Why the first bug was challenging to spot
The bug was masked during an earlier investigation where I tried reducing the expansion parameters (
mainExpandBy=150,separatorExpandBy=75). With smaller expansion, more sources successfully produced highlights and hit the normal code path (which correctly deletes content). Only when I restored the original default values did the early-return path become dominant, exposing the leak.A parameter tuning session that appeared to "fix" the overflow by halving the expansion values was in fact masking this underlying bug. The actual fix is a 2-line change independent of any expansion parameter values.
Testing
I verified end-to-end on:
Broad navigational query ("search the web and tell me what are todays news from heise.de newsticker?"):
pipeline completes, output ~5,700 tokens, model receives title/snippet/URL metadata only for sources without highlights (correct behavior)

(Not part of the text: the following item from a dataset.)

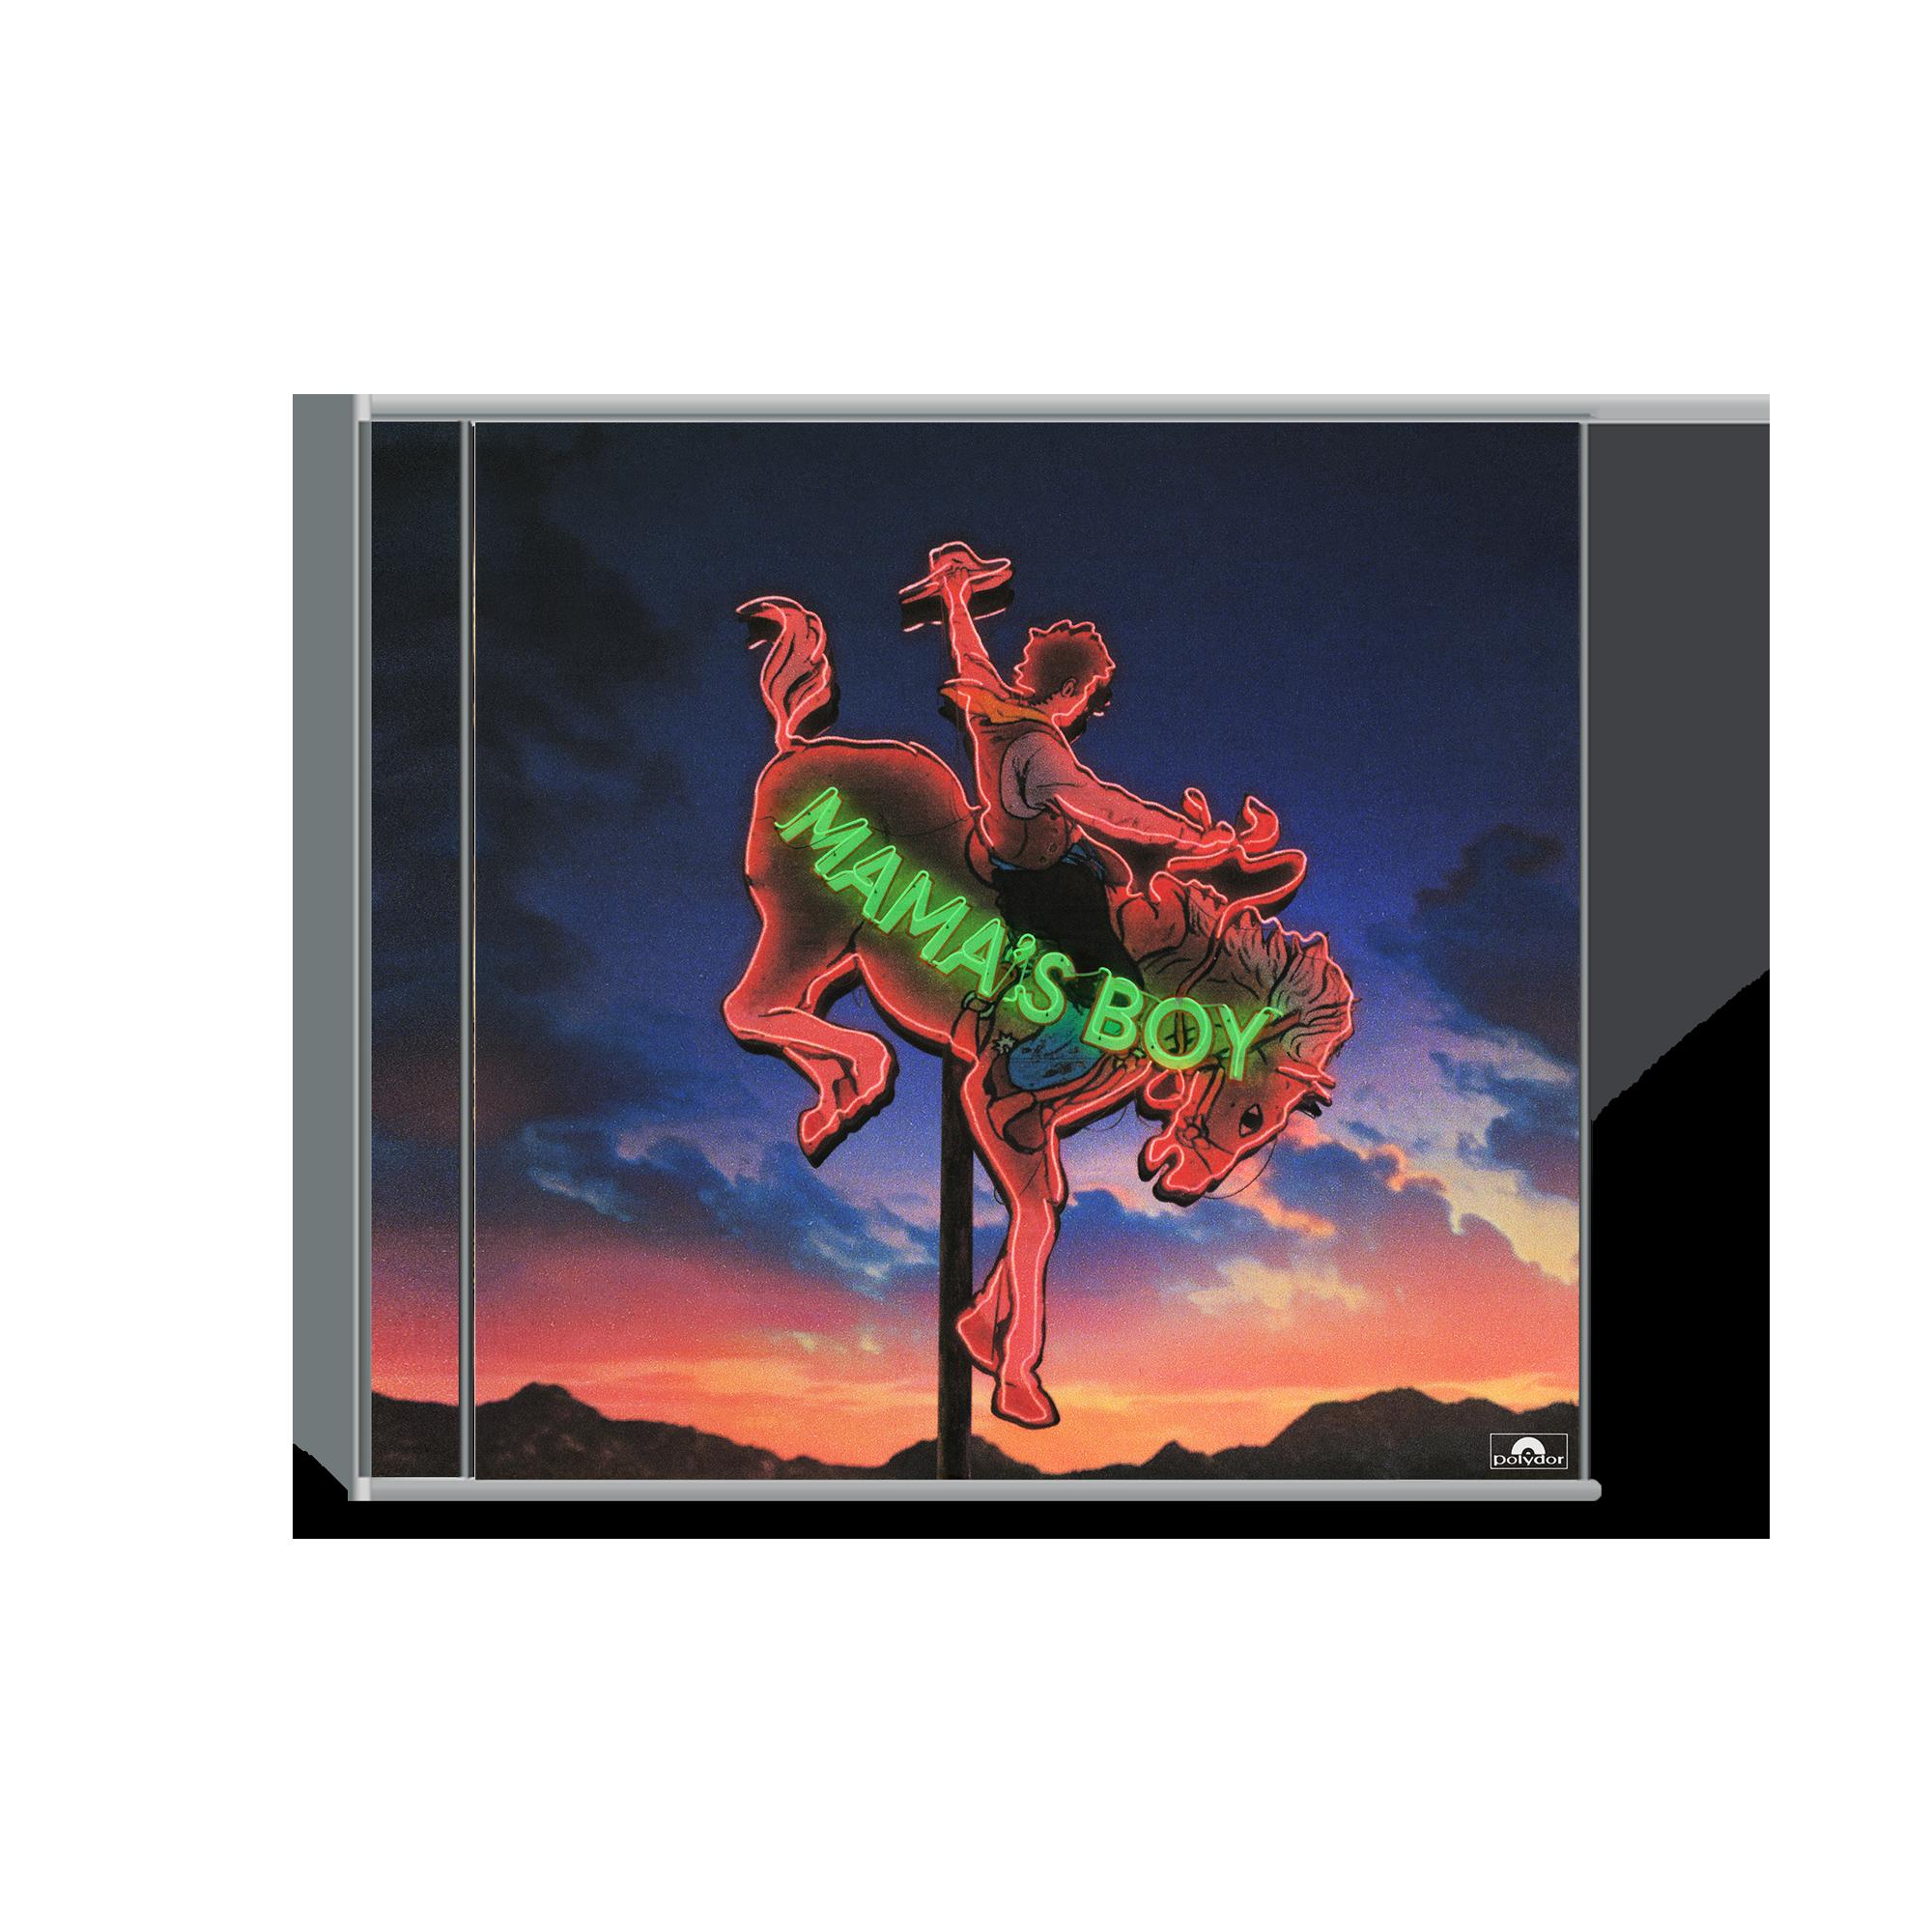 mama's boy (CD)
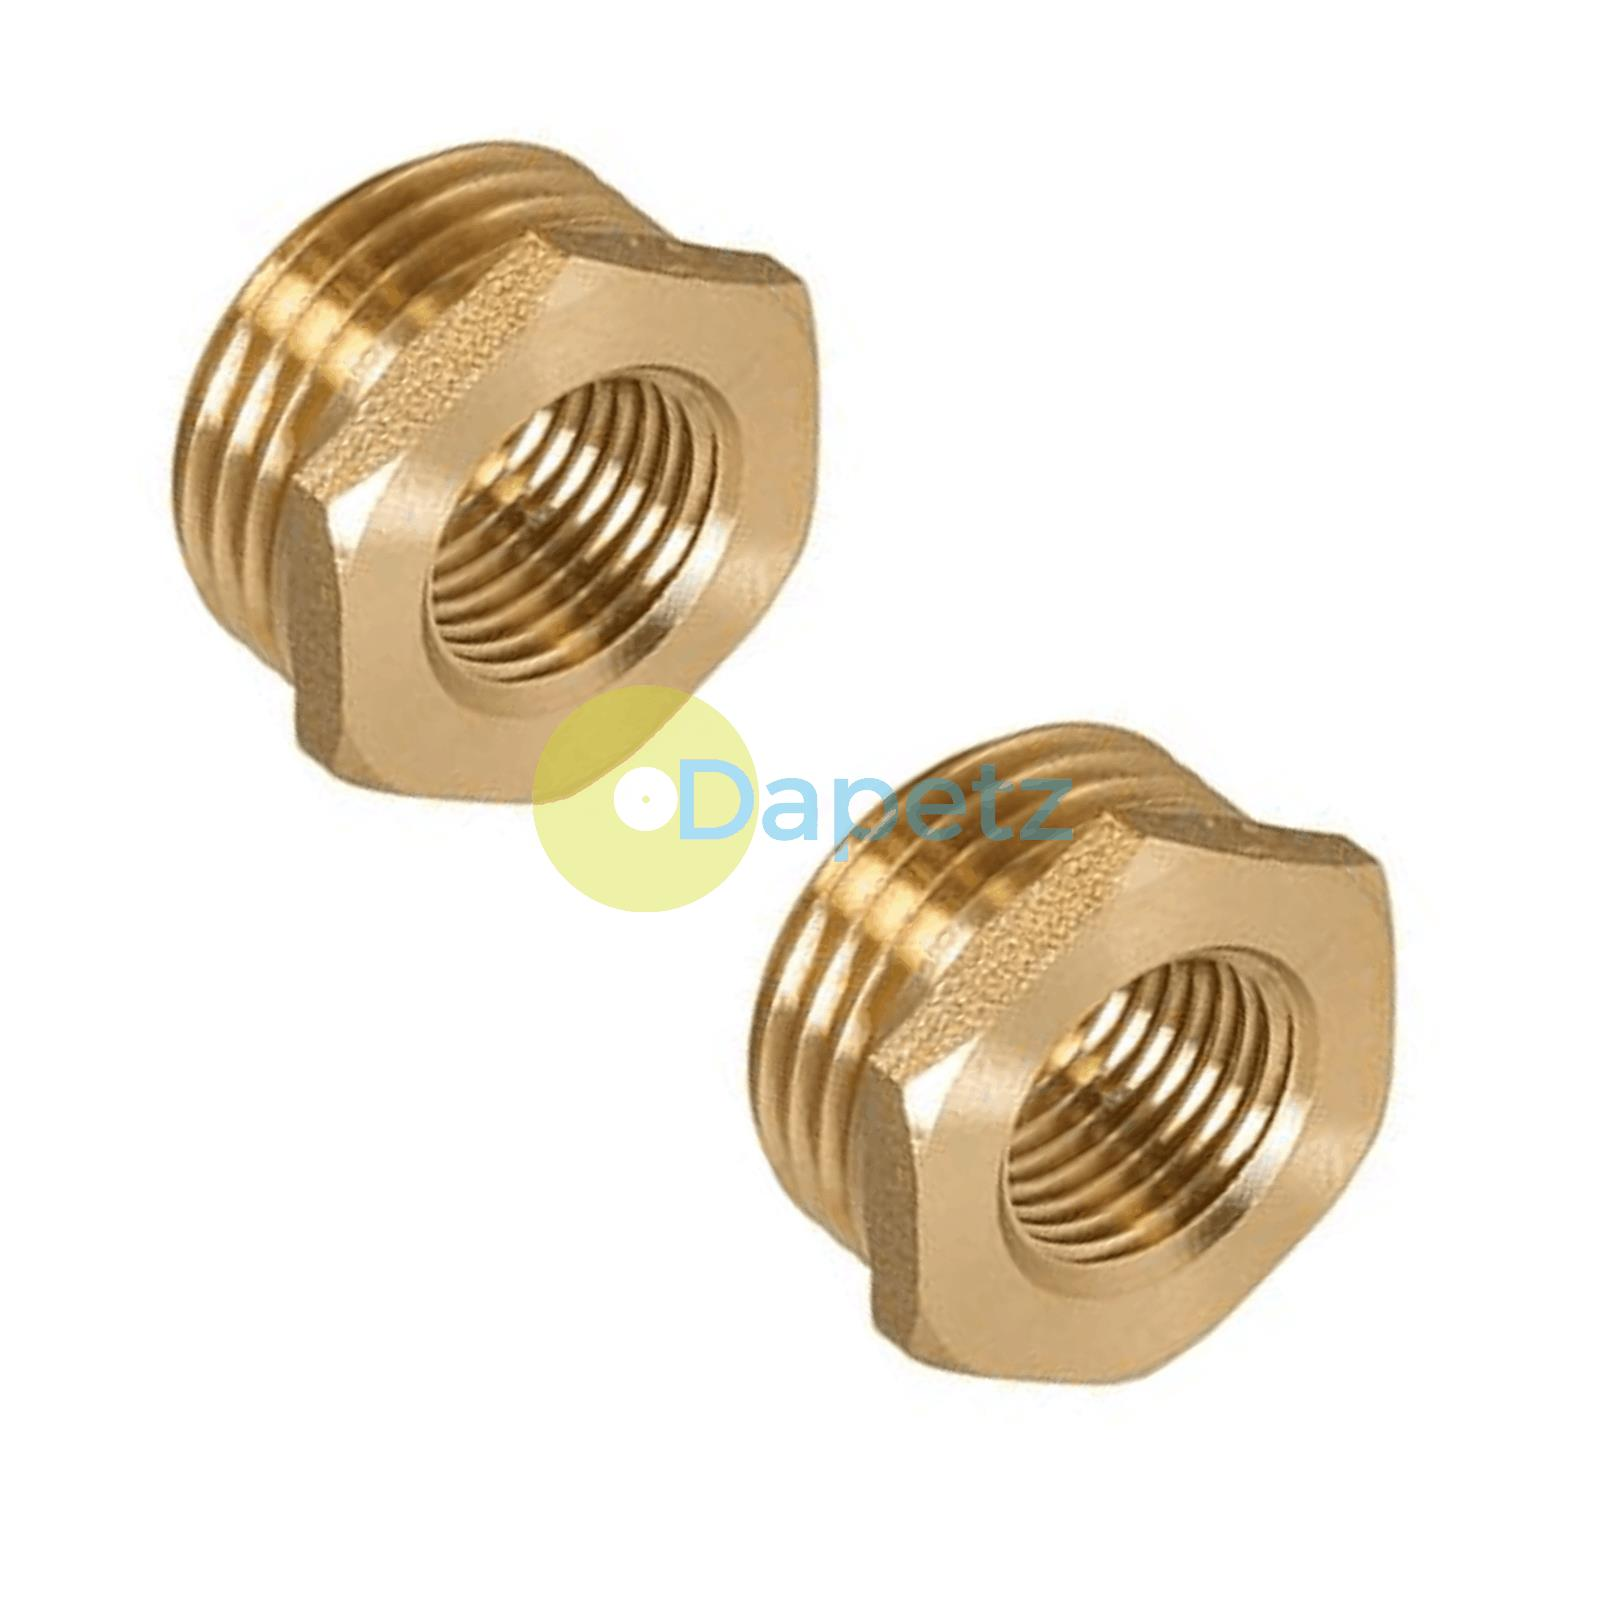 Brass-Reducing-Hexagone-Bush-BSP-Male-a-Femelle-Adaptateur-Connecteur-WRAS-approuves miniature 17

Specific factual query ("Was ist mit dem Entwickler von Moltbot geschehen?"):
pipeline completes, output ~28,790 tokens (within 41k context window), model produces accurate answer with correct source citations, name history (ClawdBot -> Moltbot -> OpenClaw), security context, and project future
No regressions are observed in sources that do have highlights. The normal expansion and content deletion path is unchanged. With the content cap in place, reranker request sizes stay bounded regardless of page length.